» **Exercise description**
Please copy each line of the listing below precisely, excluding the images.

» **Provided data**
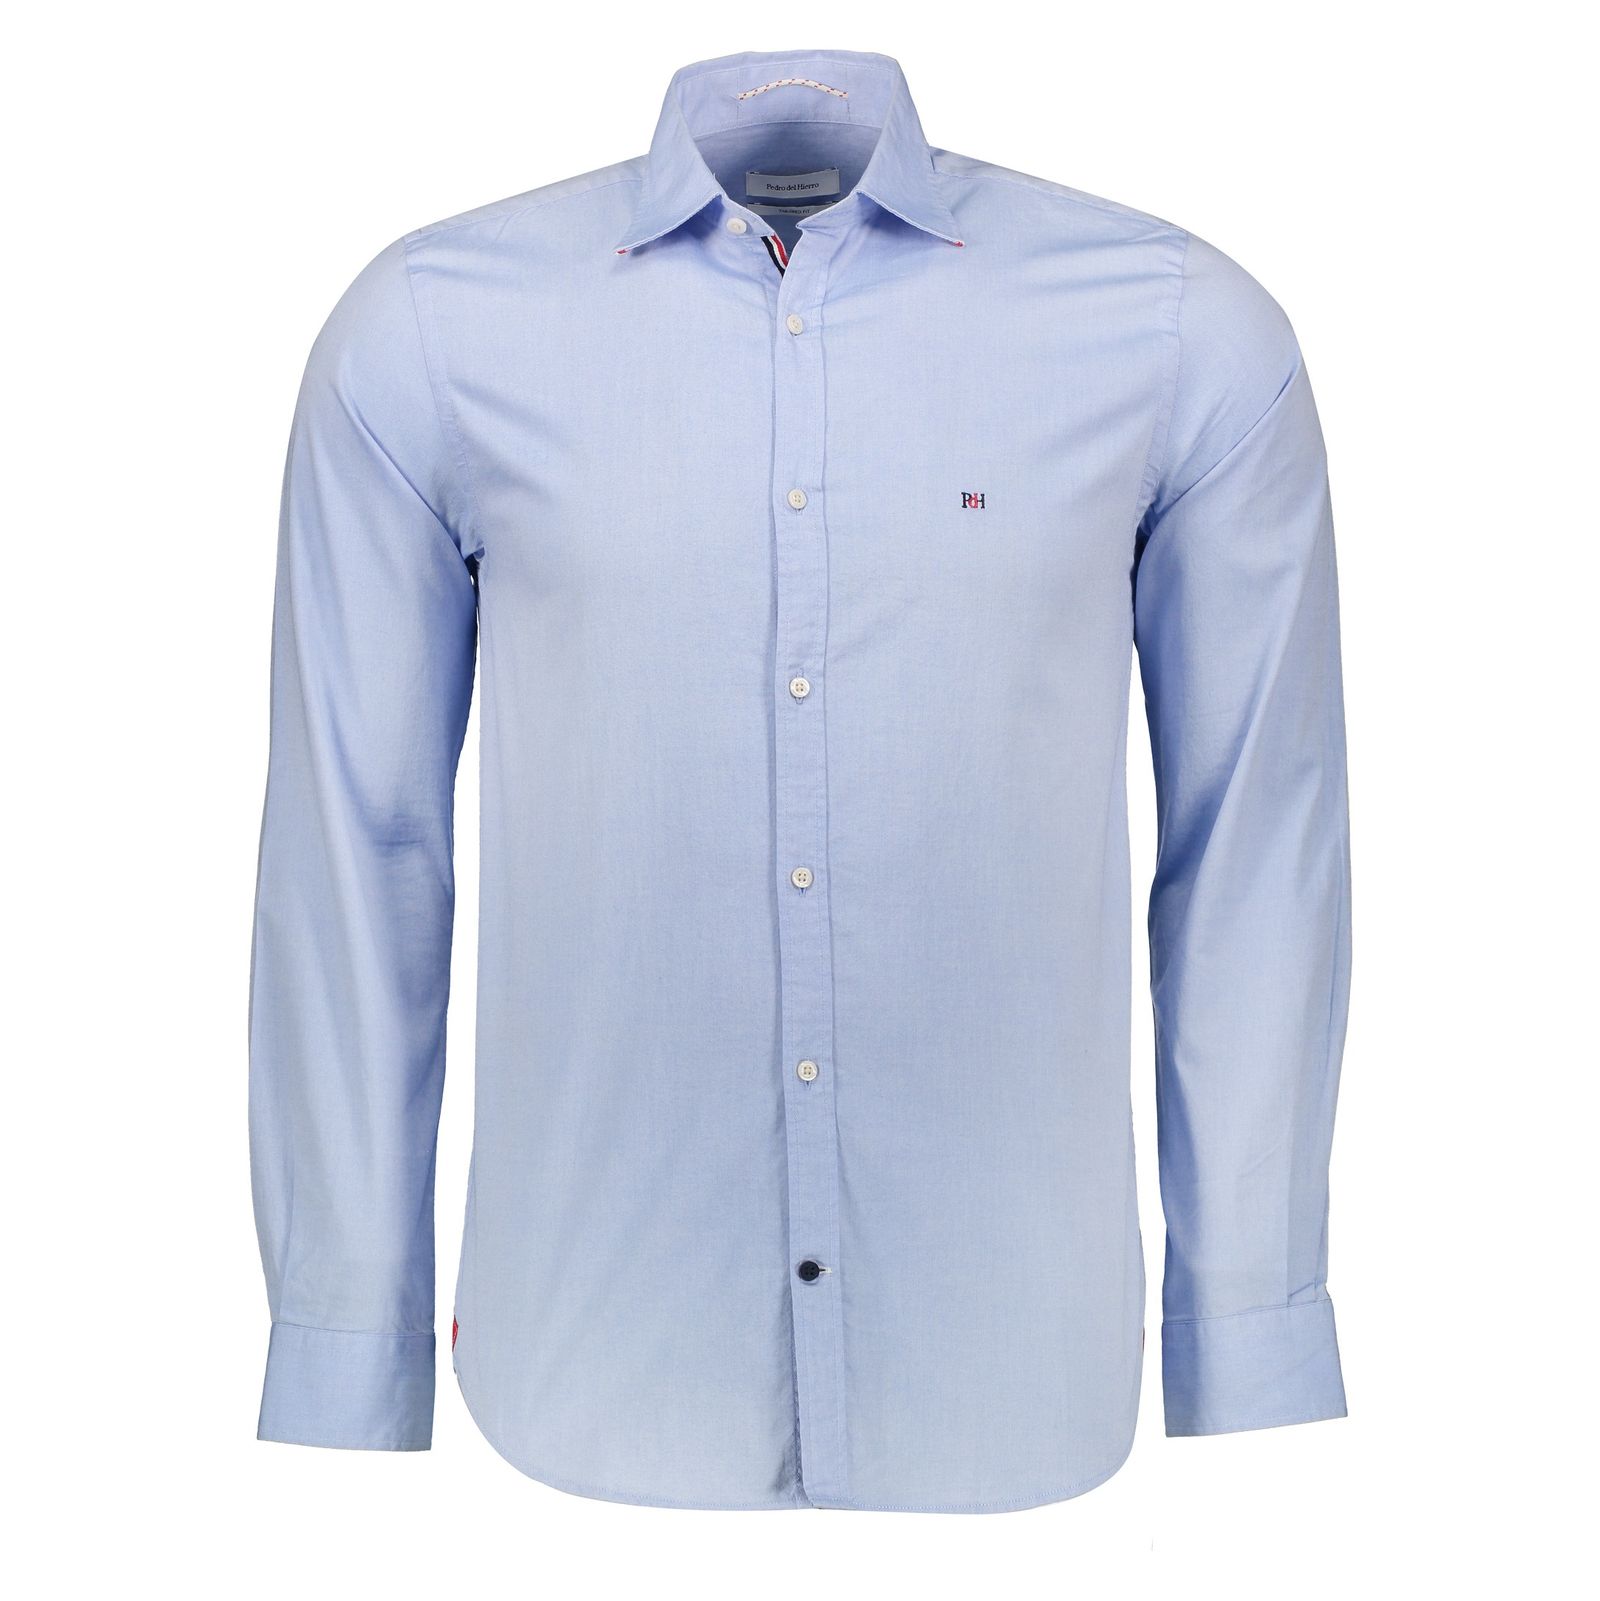 پیراهن مردانه کورتفیل مدل 1842358-12 - آبی - 2
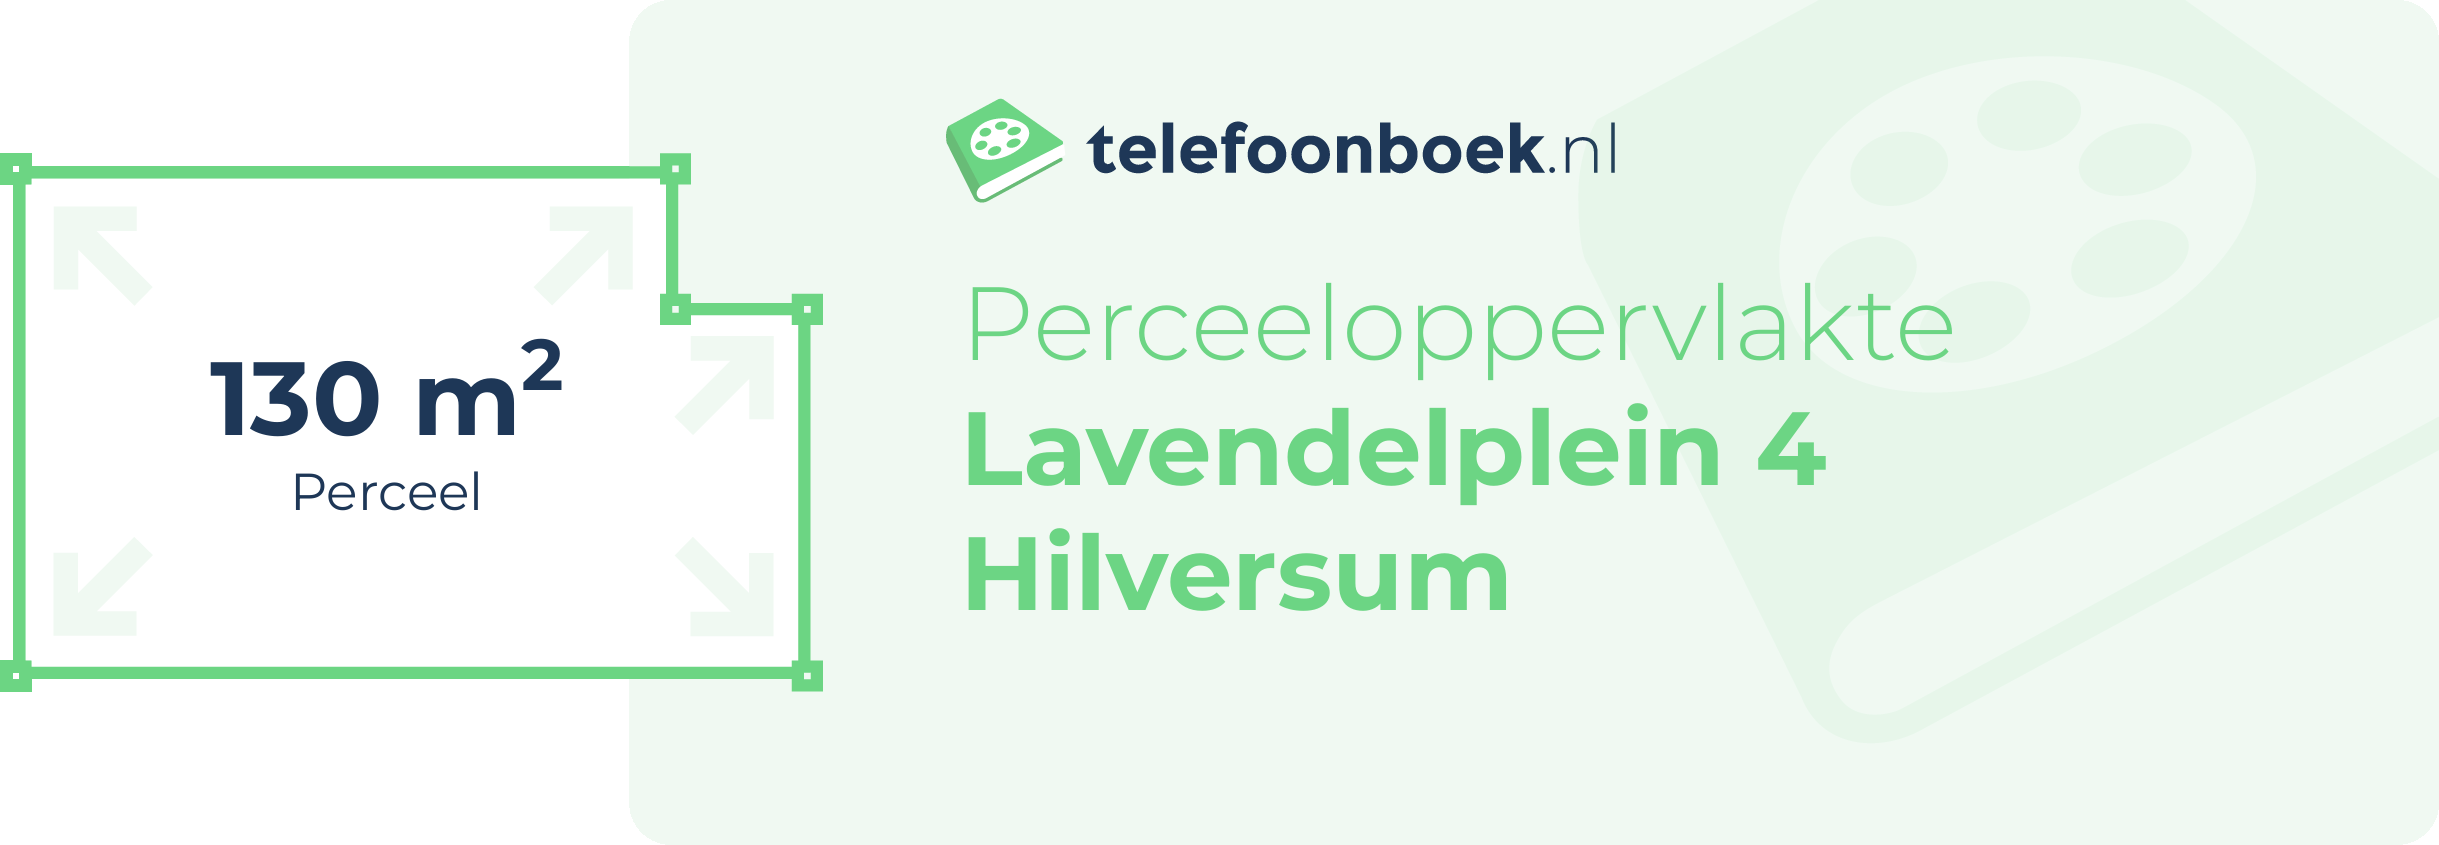 Perceeloppervlakte Lavendelplein 4 Hilversum
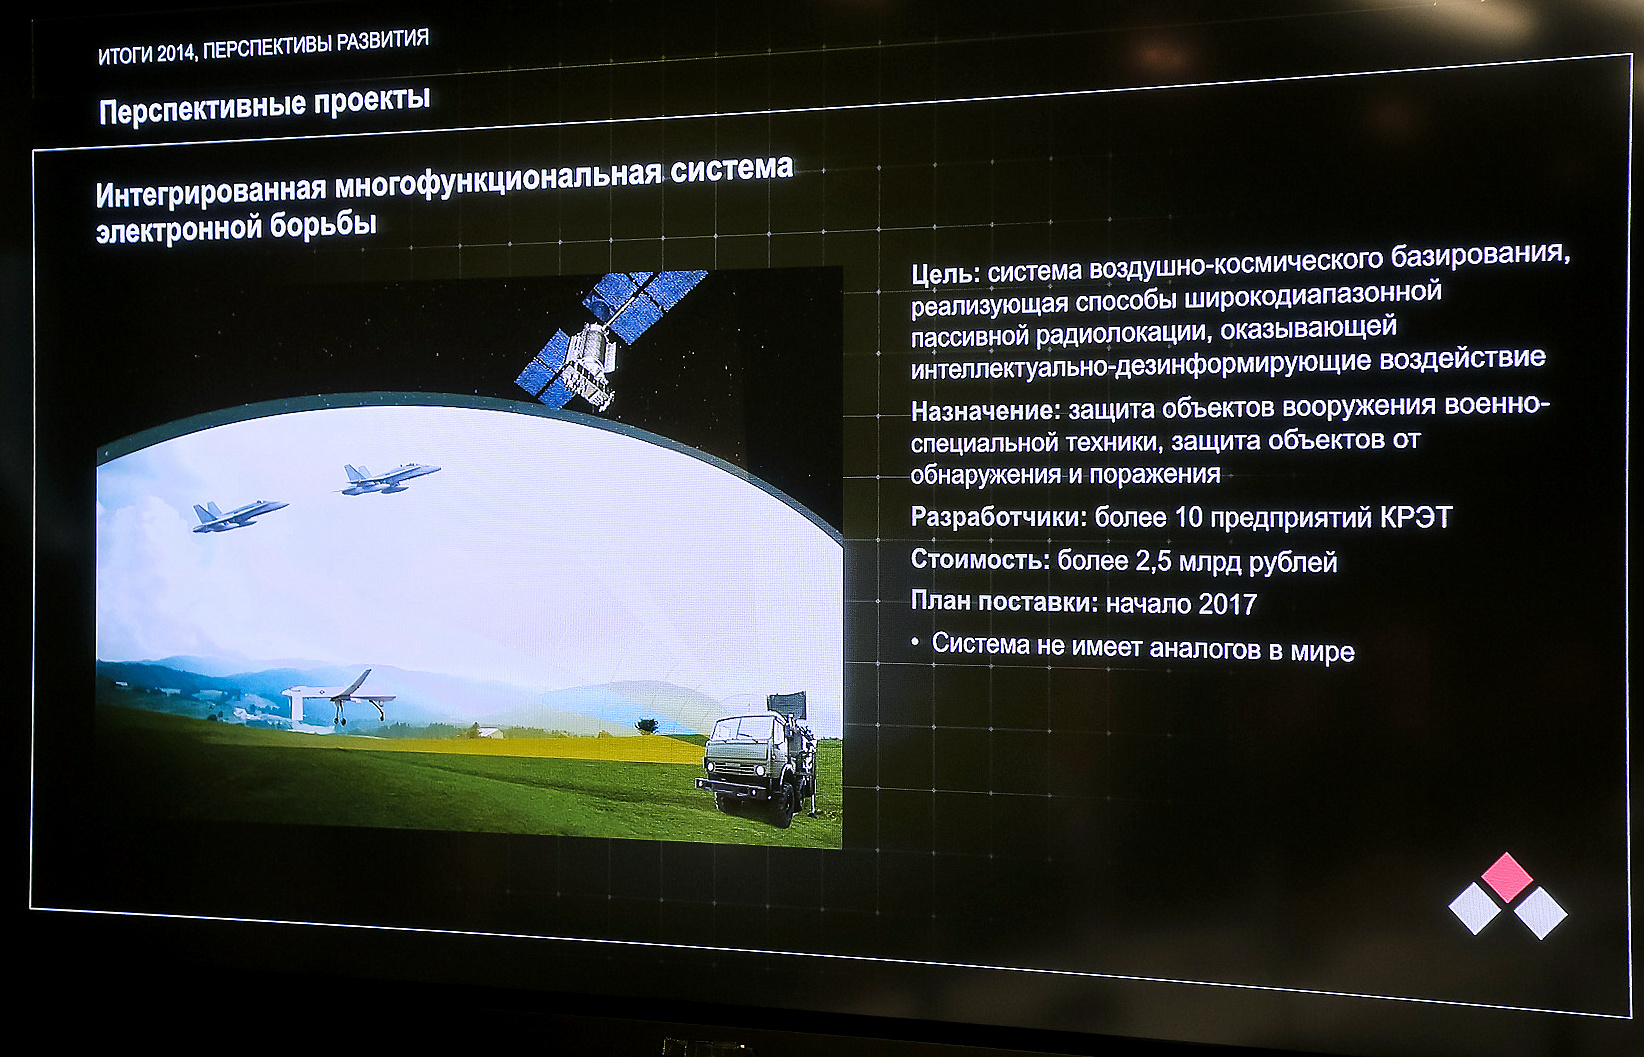 Проект системы РЭБ воздушно-космического базирования. Фото Е. Пряничникова

» **Finished task**
 پیراهن مردانه کورتفیل مدل 1842358-12 - آبی - 2
 Perceeloppervlakte Lavendelplein 4 Hilversum
 Проект системы РЭБ воздушно-космического базирования. Фото Е. Пряничникова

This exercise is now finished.